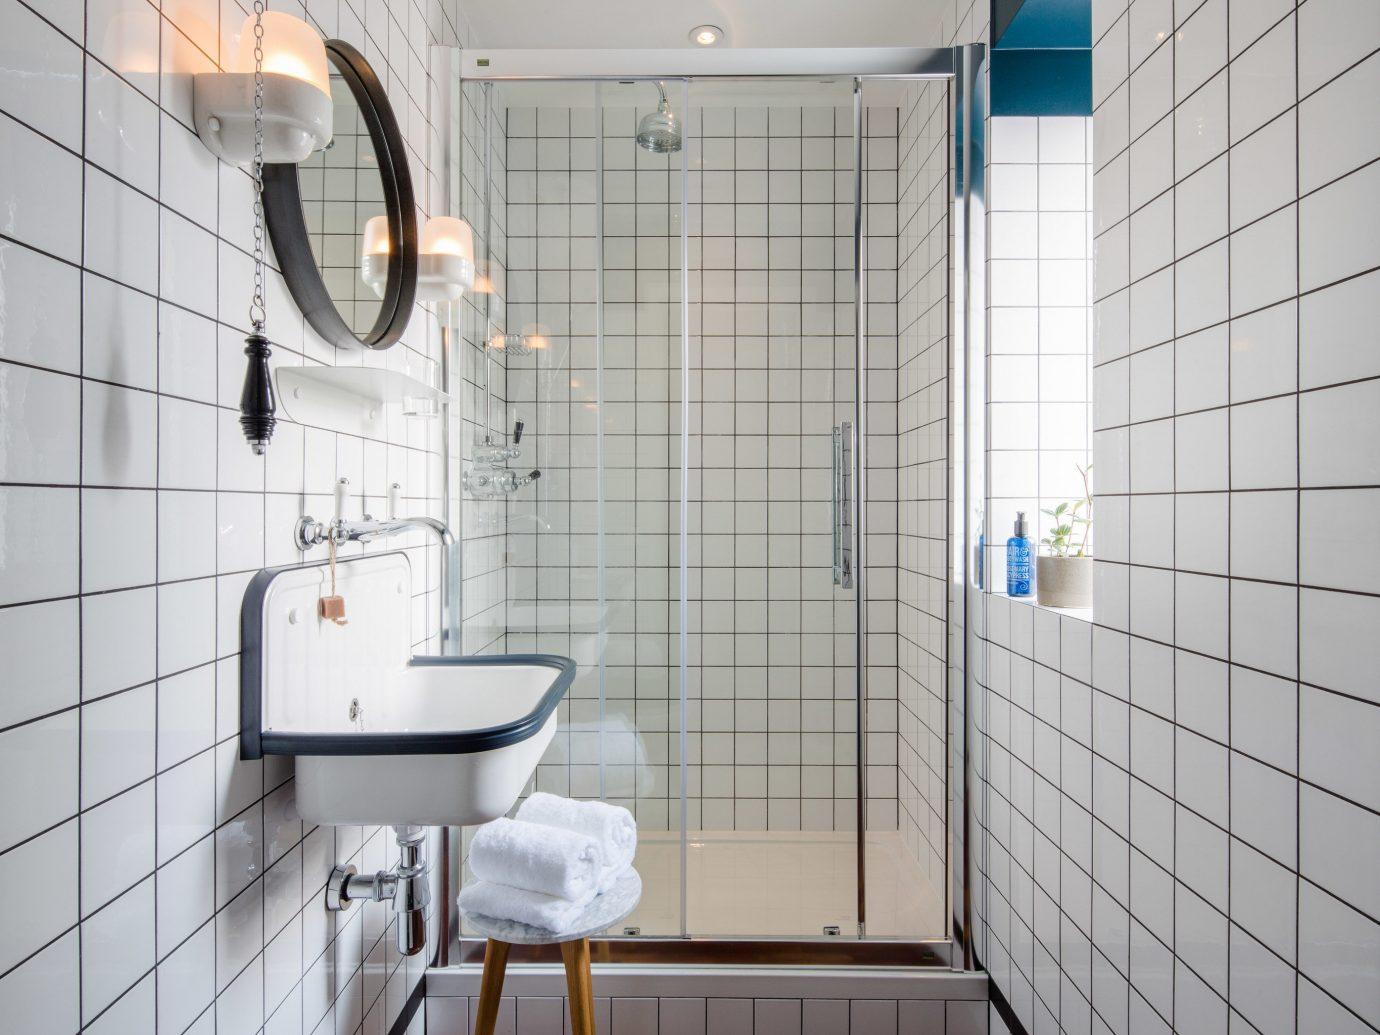 bathroom room tile wall interior design plumbing fixture floor flooring window toilet daylighting
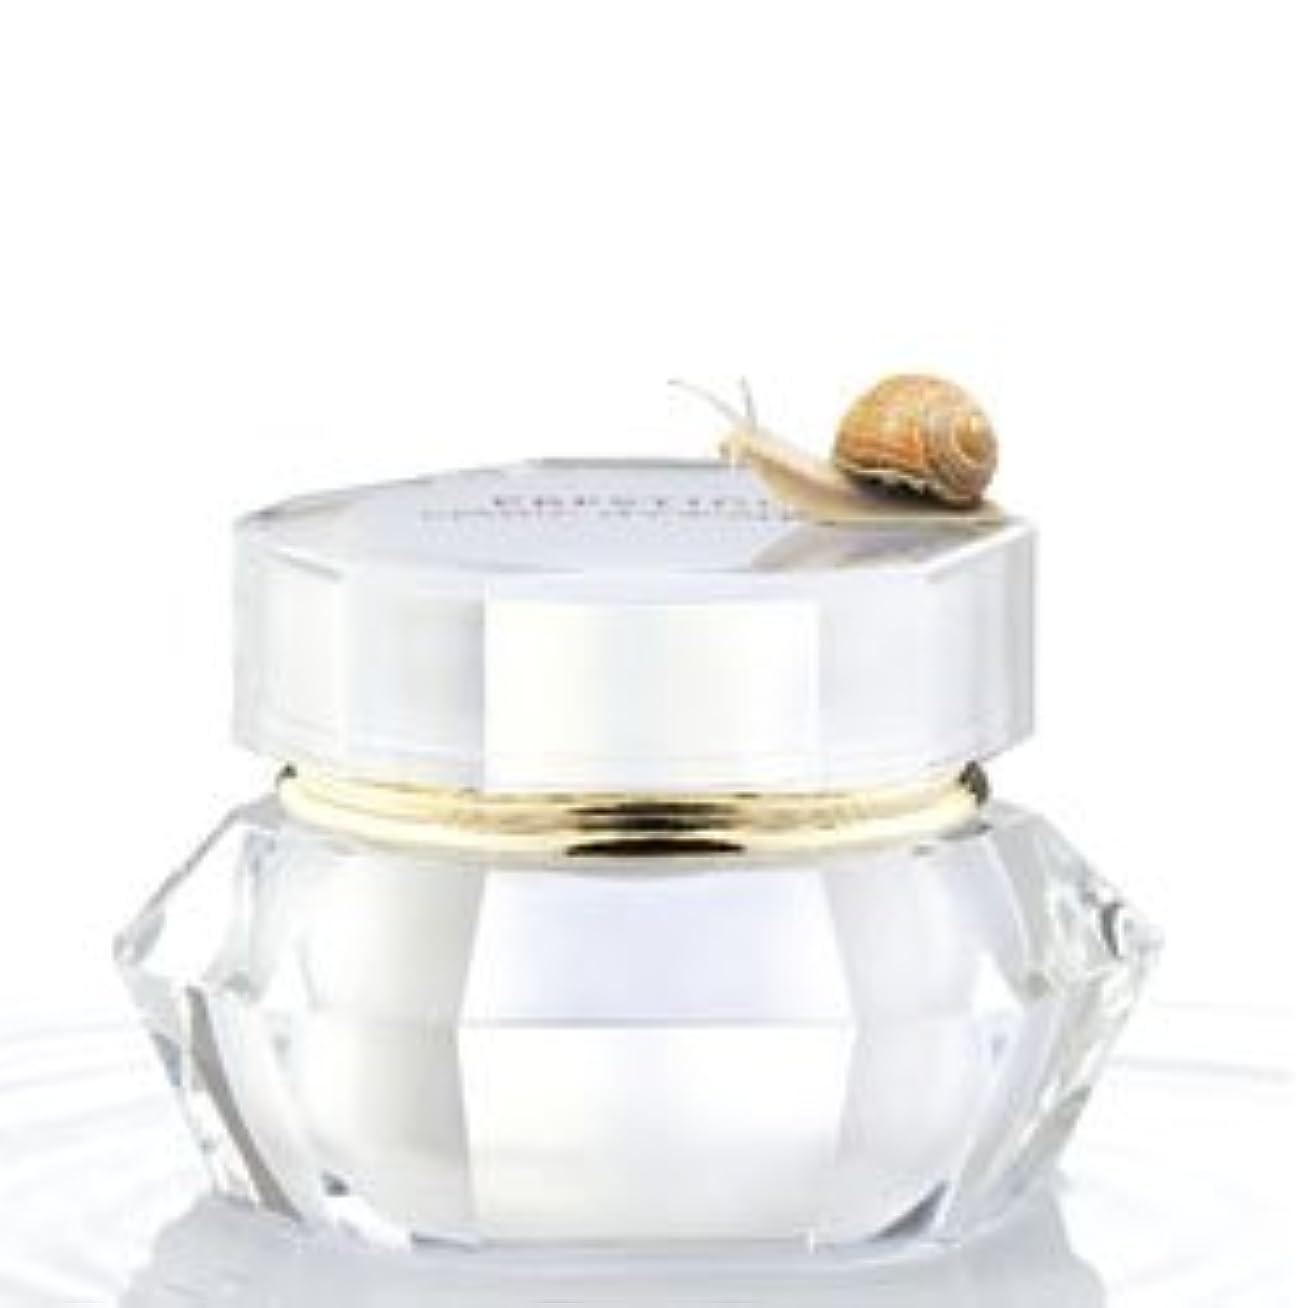 一見フリース広々イッツスキン プレステージ エスカルゴ カタツムリ クリーム(60ml×1点)It's Skin Prestige Snail Escargot Cream
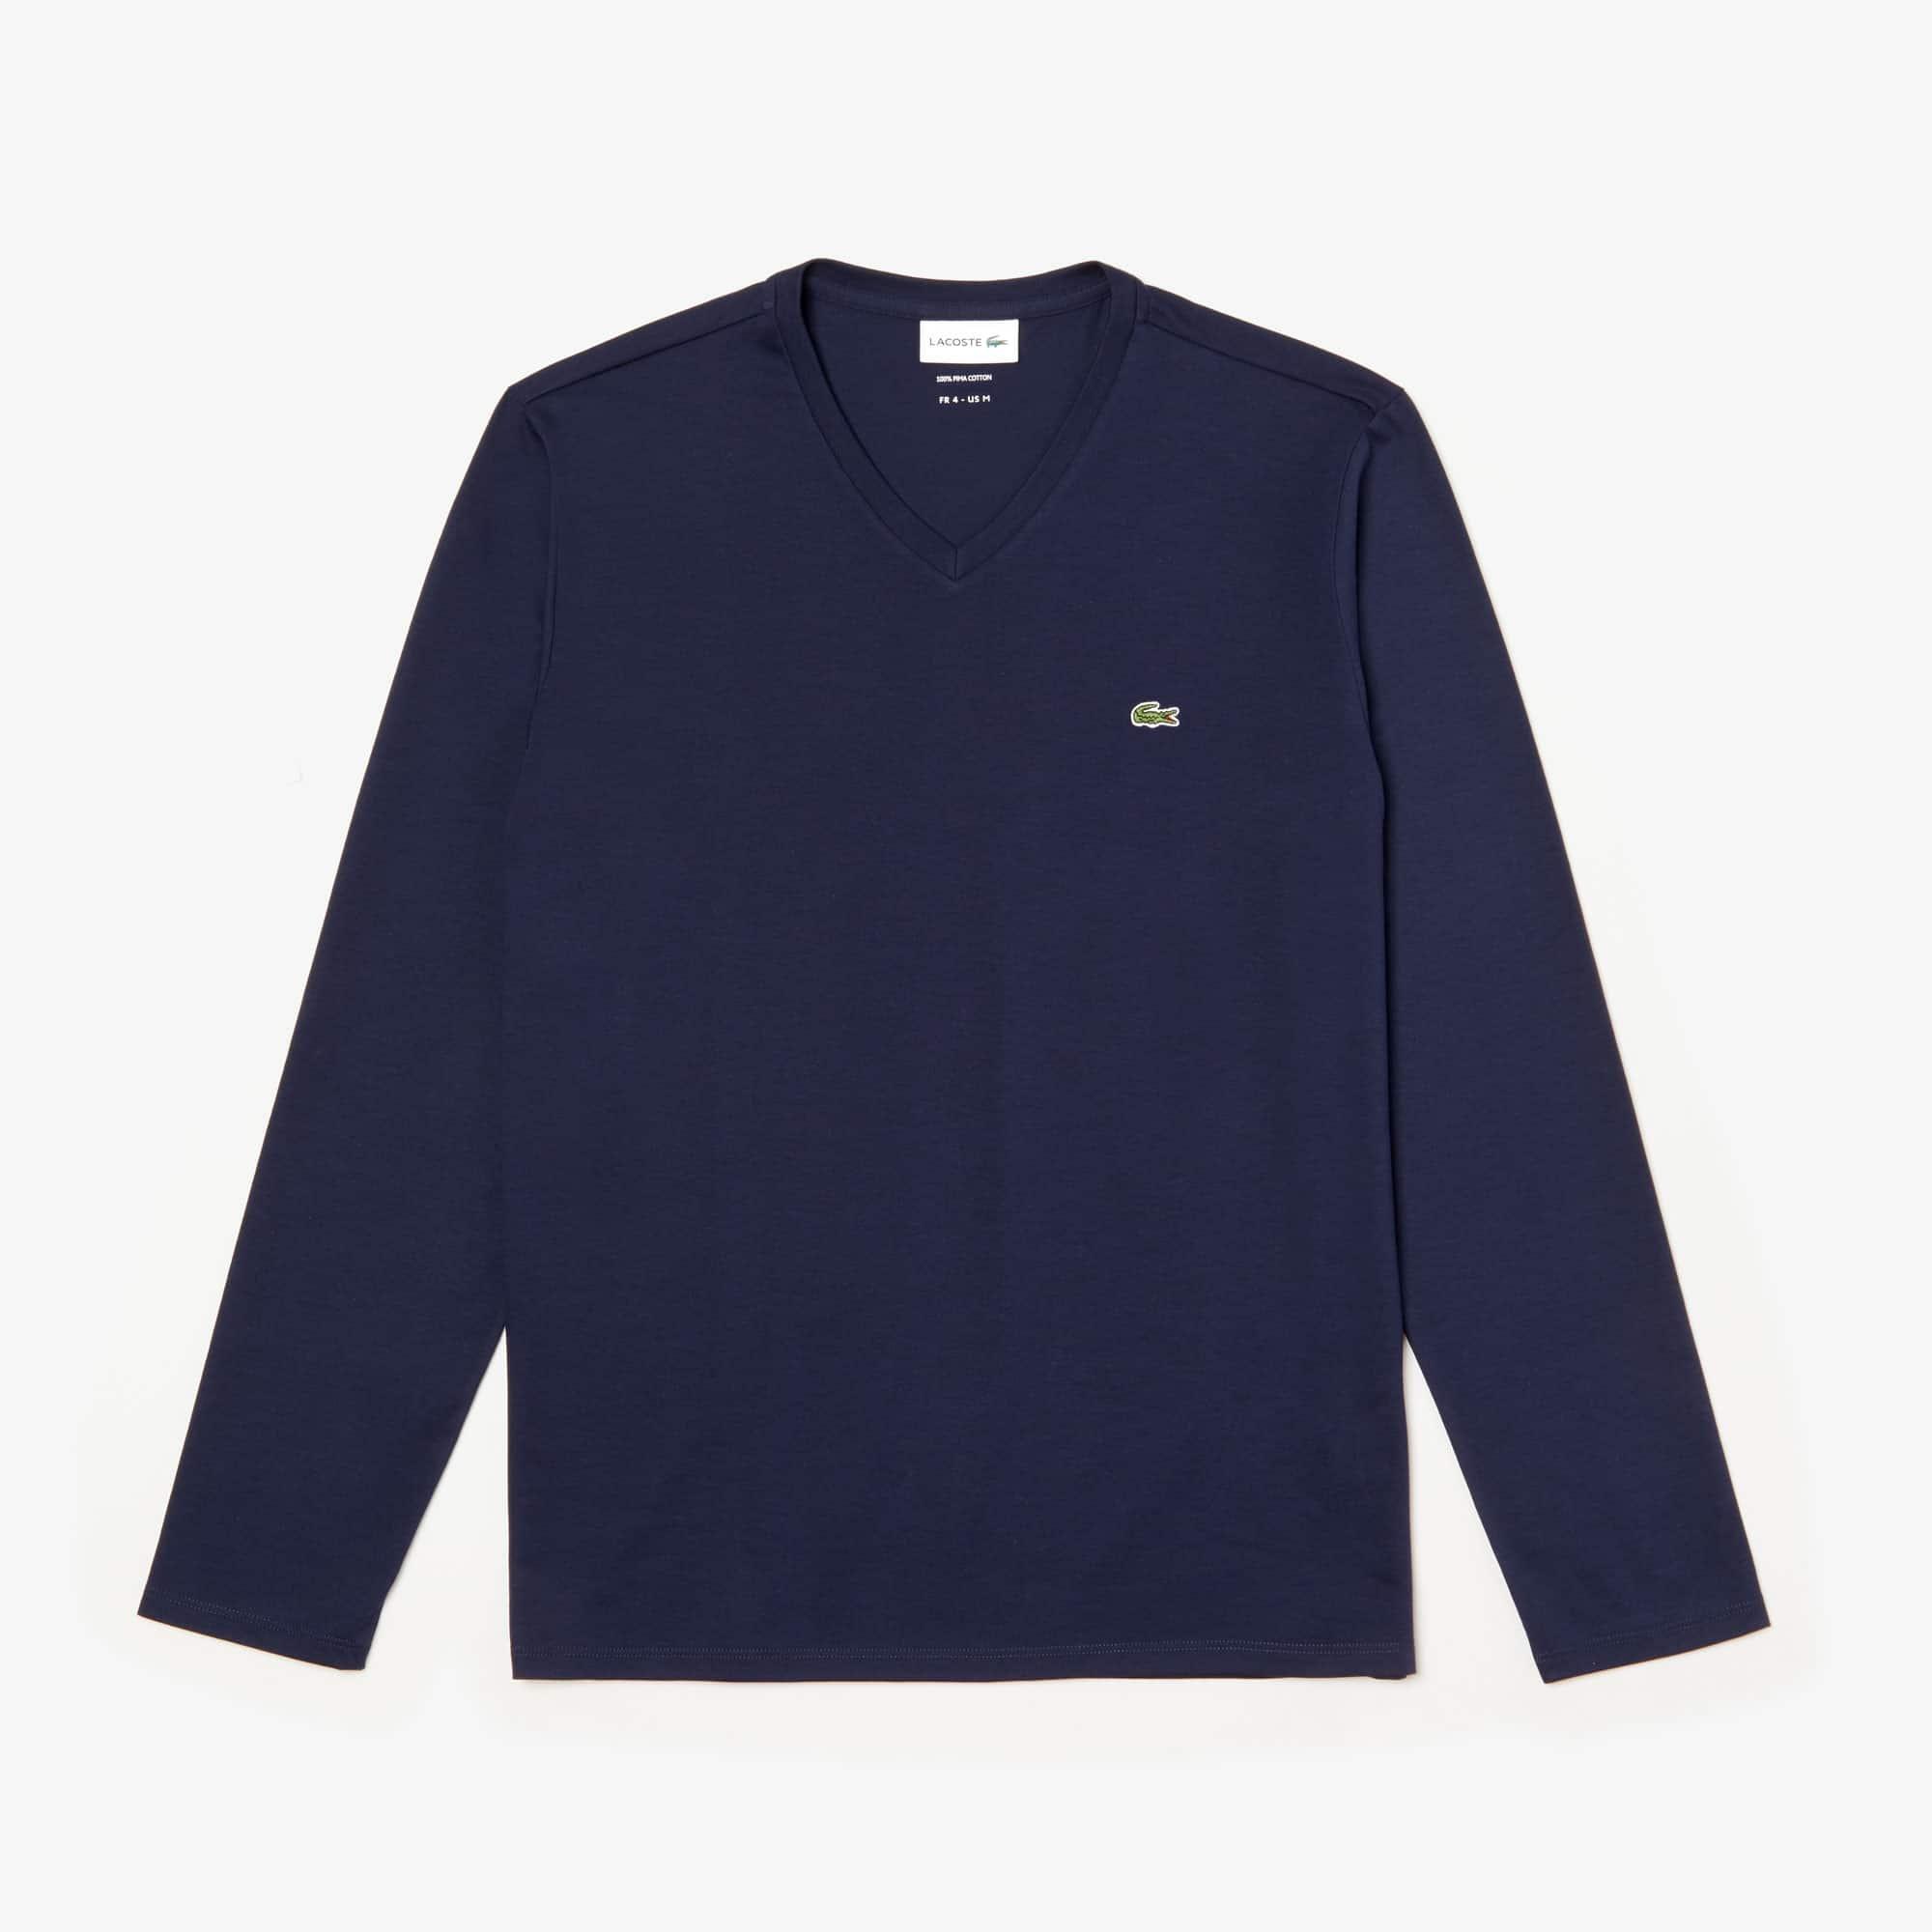 라코스테 V넥 긴팔 티셔츠 Lacoste Mens V-neck Pima Cotton Jersey T-shirt,navy blue
..............................
Problem requirements:
Reproduce every line above word for word; no images.

Answer space:
 bathroom room tile wall interior design plumbing fixture floor flooring window toilet daylighting
 一見フリース広々イッツスキン プレステージ エスカルゴ カタツムリ クリーム(60ml×1点)It's Skin Prestige Snail Escargot Cream
 라코스테 V넥 긴팔 티셔츠 Lacoste Mens V-neck Pima Cotton Jersey T-shirt,navy blue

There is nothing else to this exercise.